● **Exercise requirements**
Starting with the line that contains "NEC Display SpectraView" and ending with the last line of the entries, repeat exactly those lines and nothing else, pictures excluded.
++++ Input data
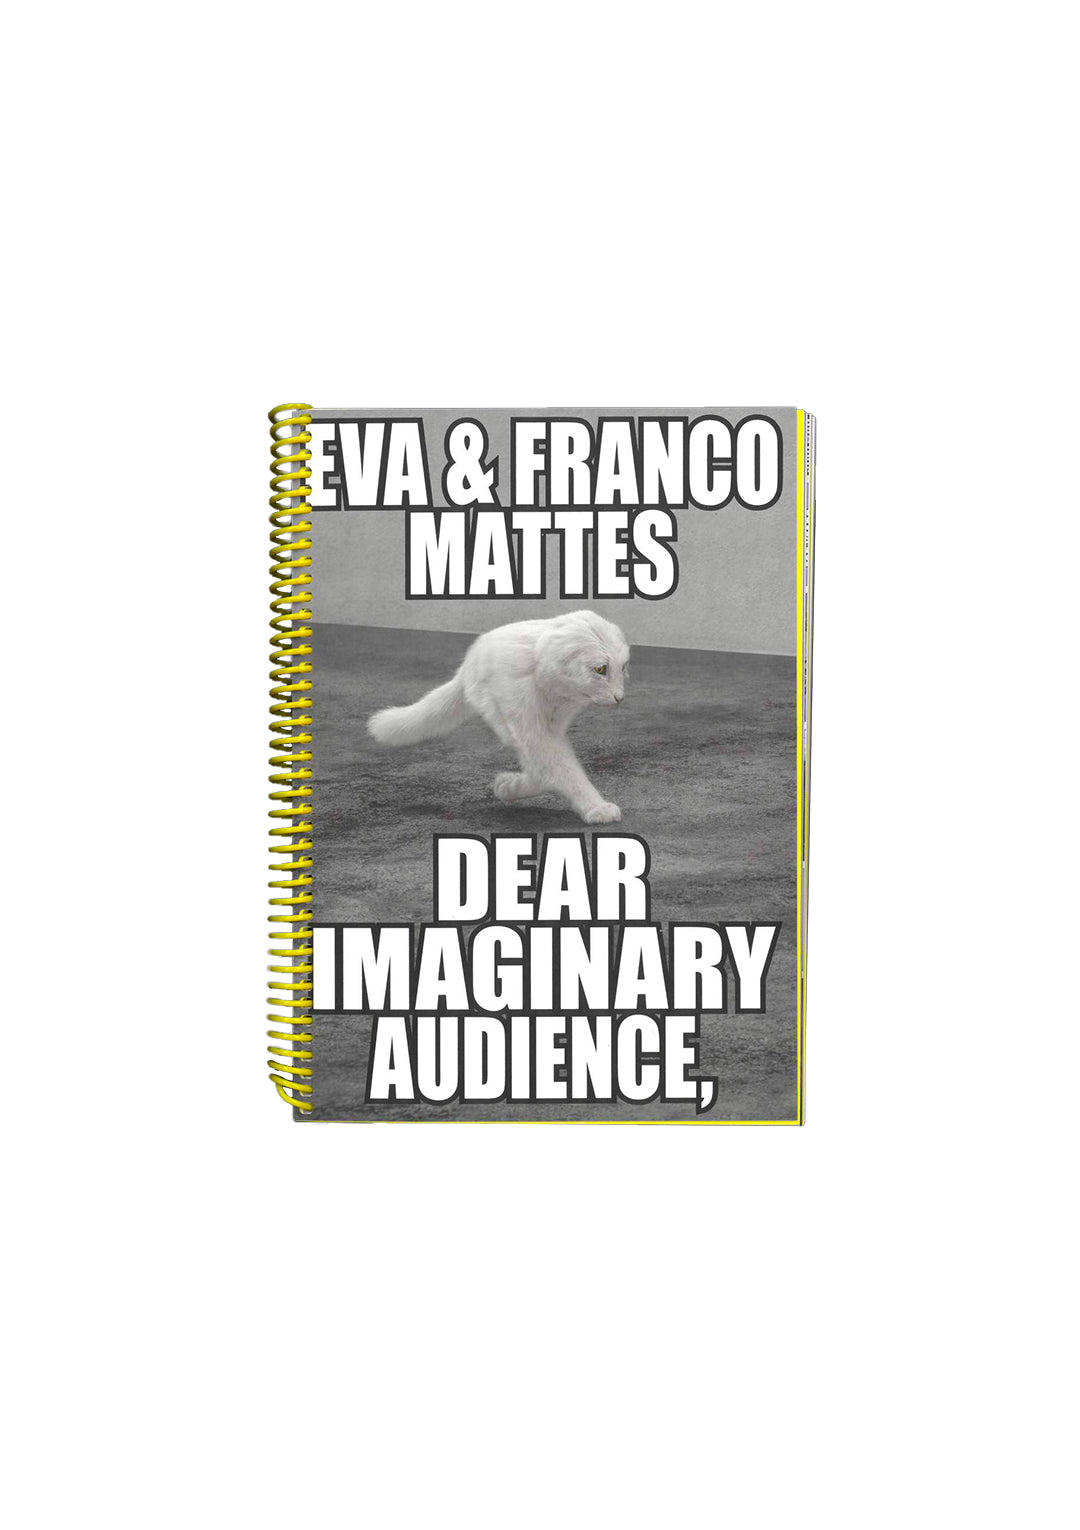 Dear Imaginary Audience
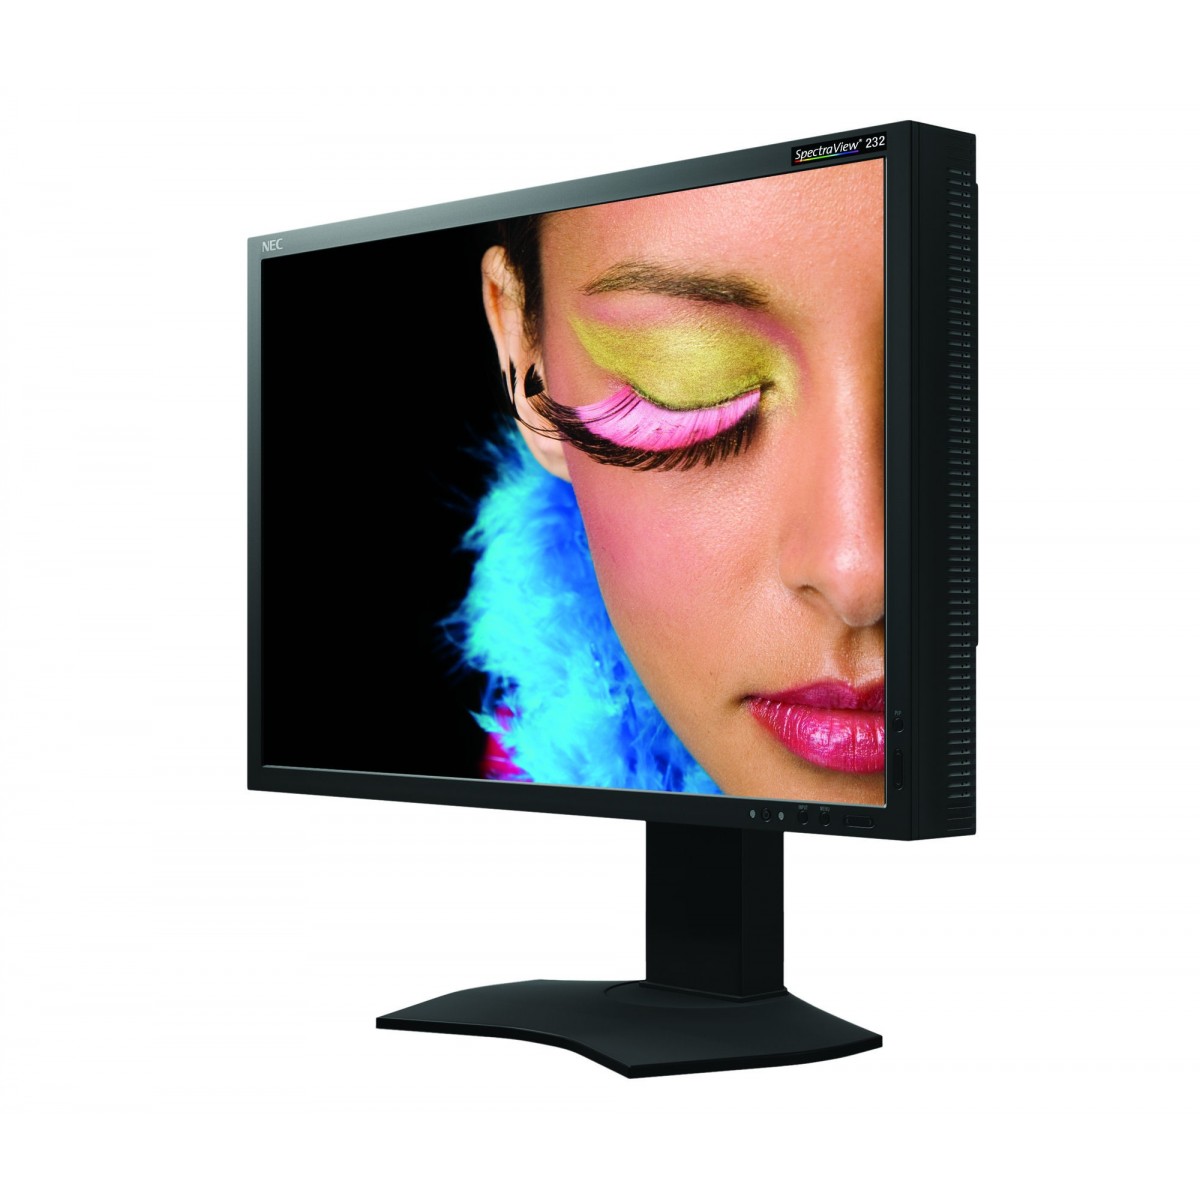 NEC Display SpectraView 232 58.4 cm/23 Flat Screen - 1,920x1,080 IPS
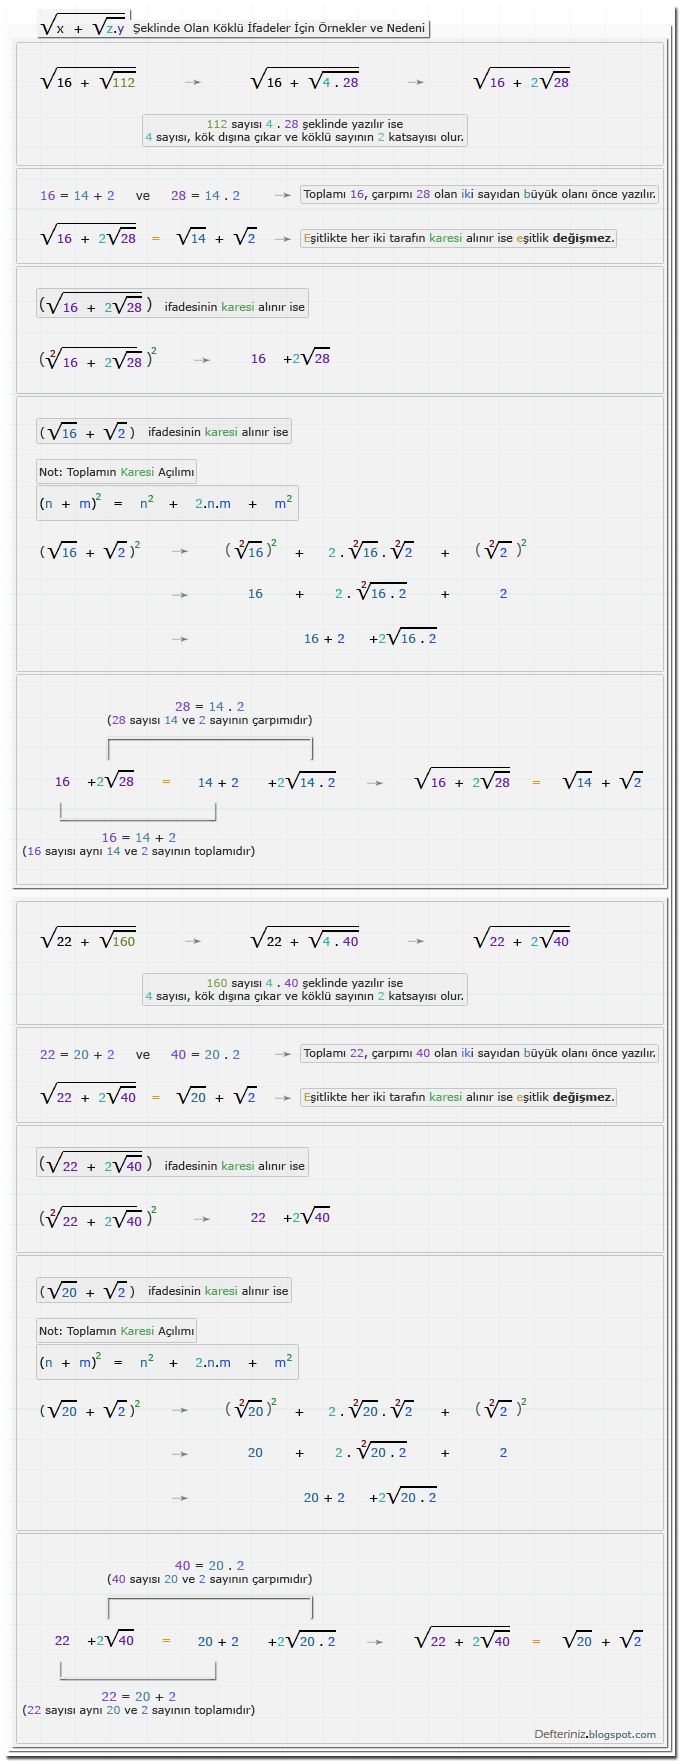 Örnek-34 » √(x + √z.y) şeklinde olan köklü ifadeler ve nedeni ile (√a + √b) şeklinde olan ifadelerin karesi için örnekler.
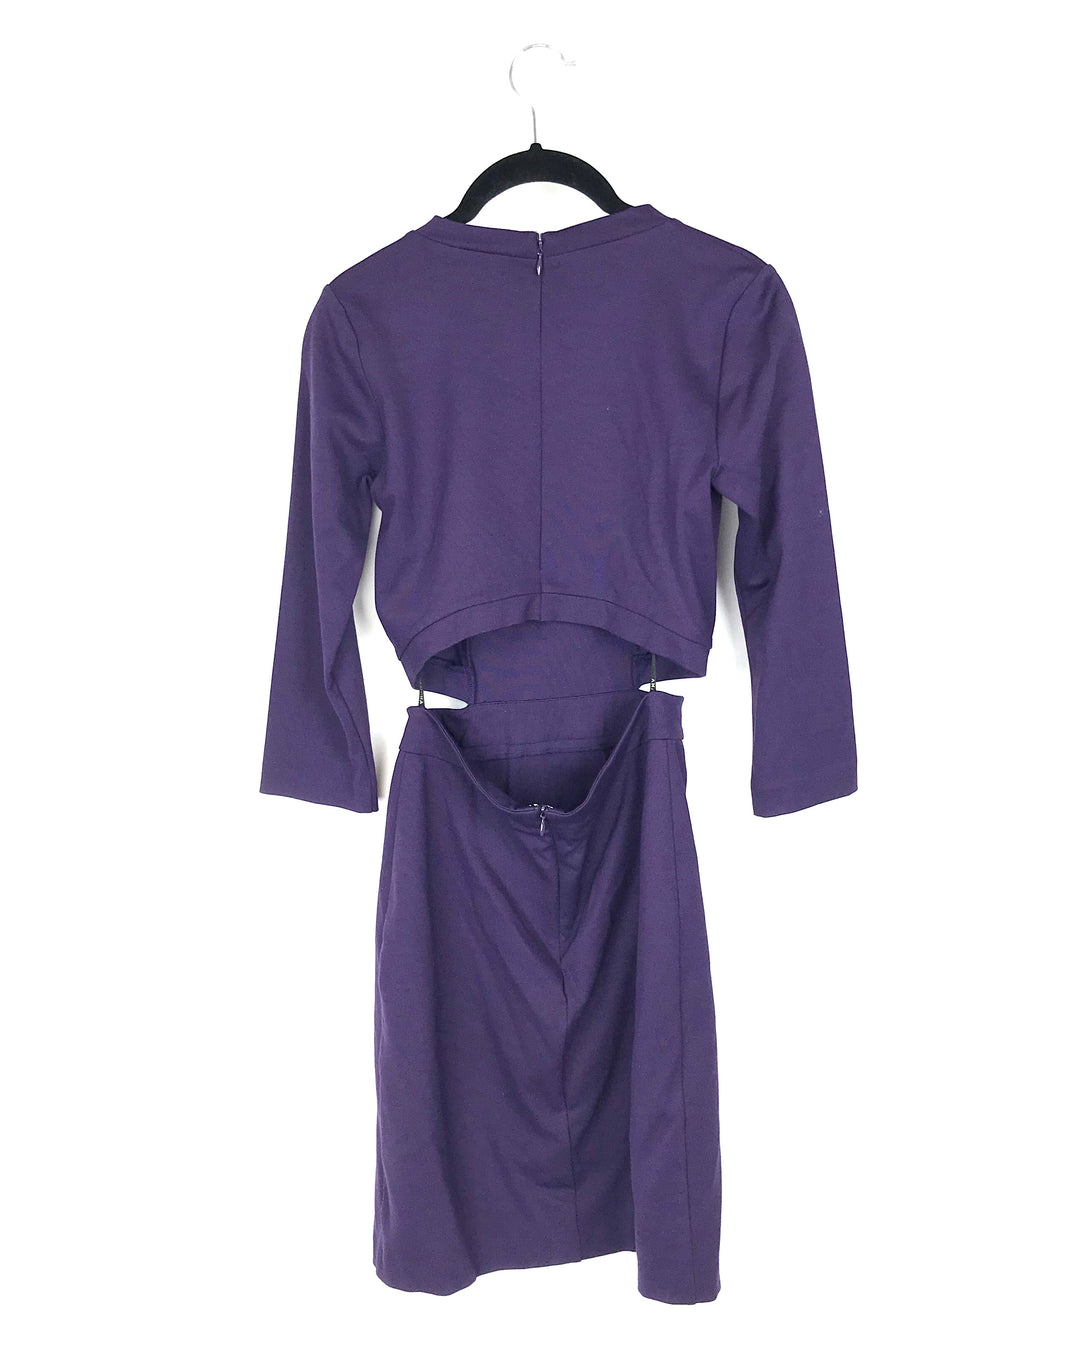 Purple Cut-Out Dress - Small
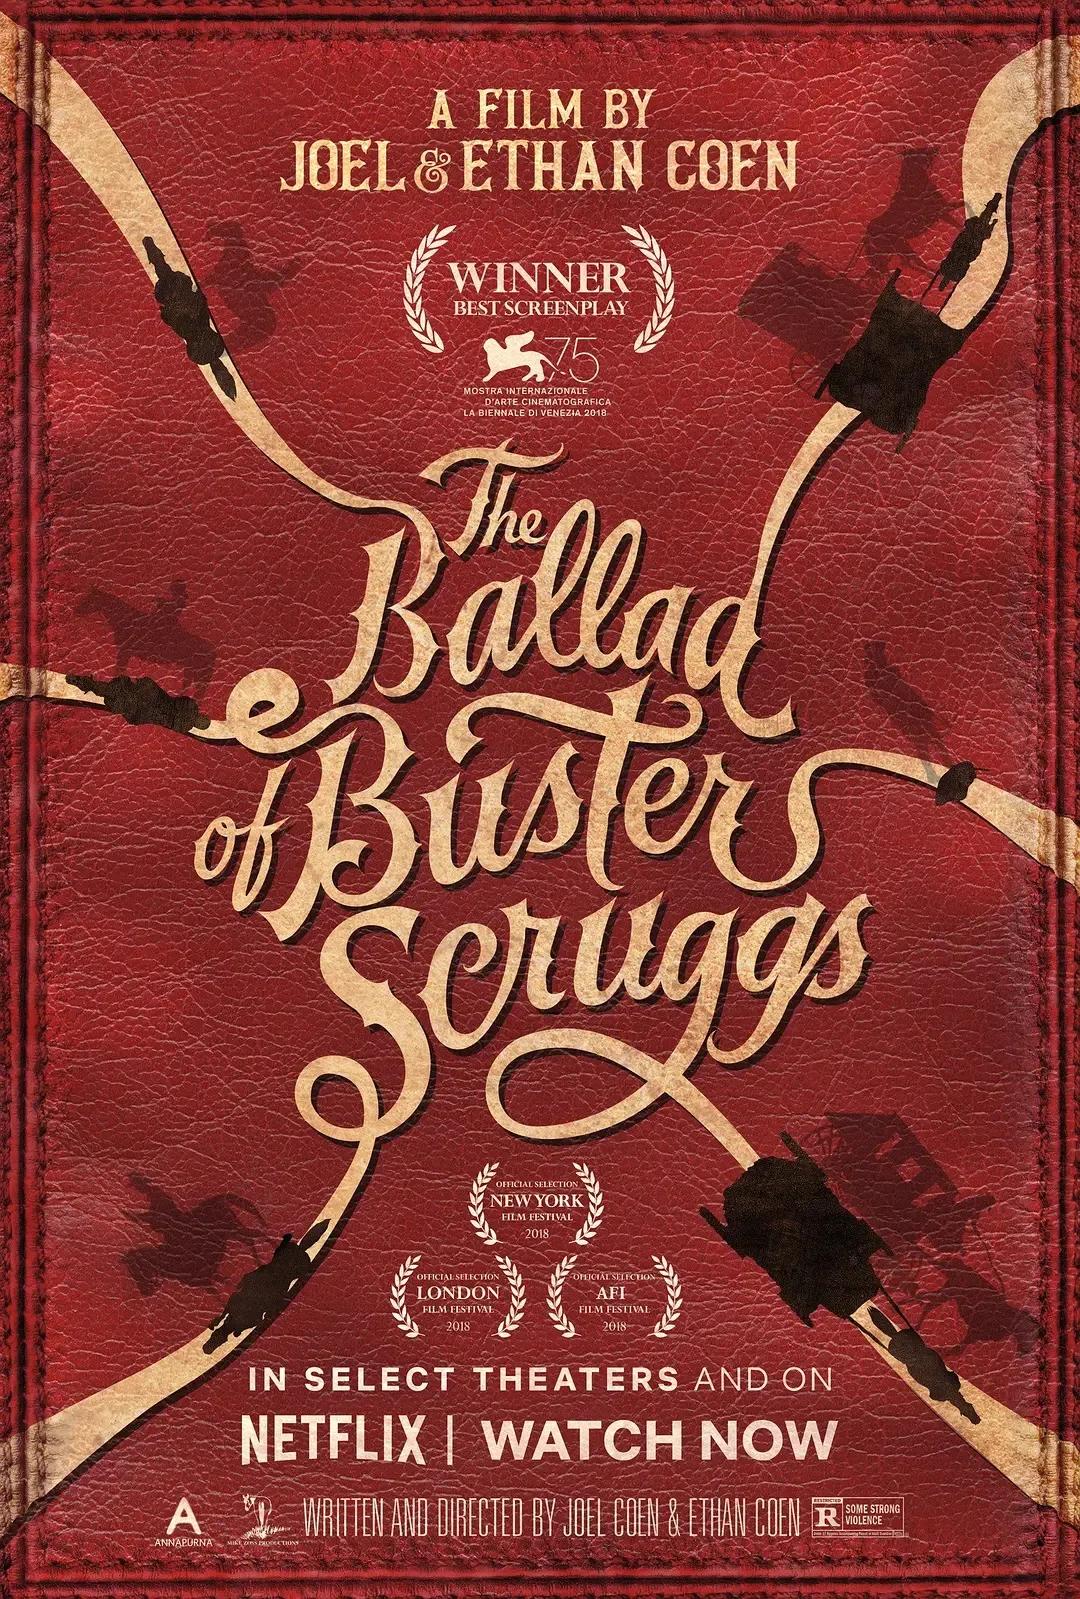 《巴斯特.斯克鲁格斯的歌谣》讲述了发生在旧西部六个不同的故事
++++++++
● **Finished exercise**
 NEC Display SpectraView 232 58.4 cm/23 Flat Screen - 1,920x1,080 IPS
 Örnek-34 » √(x + √z.y) şeklinde olan köklü ifadeler ve nedeni ile (√a + √b) şeklinde olan ifadelerin karesi için örnekler.
 Purple Cut-Out Dress - Small
 《巴斯特.斯克鲁格斯的歌谣》讲述了发生在旧西部六个不同的故事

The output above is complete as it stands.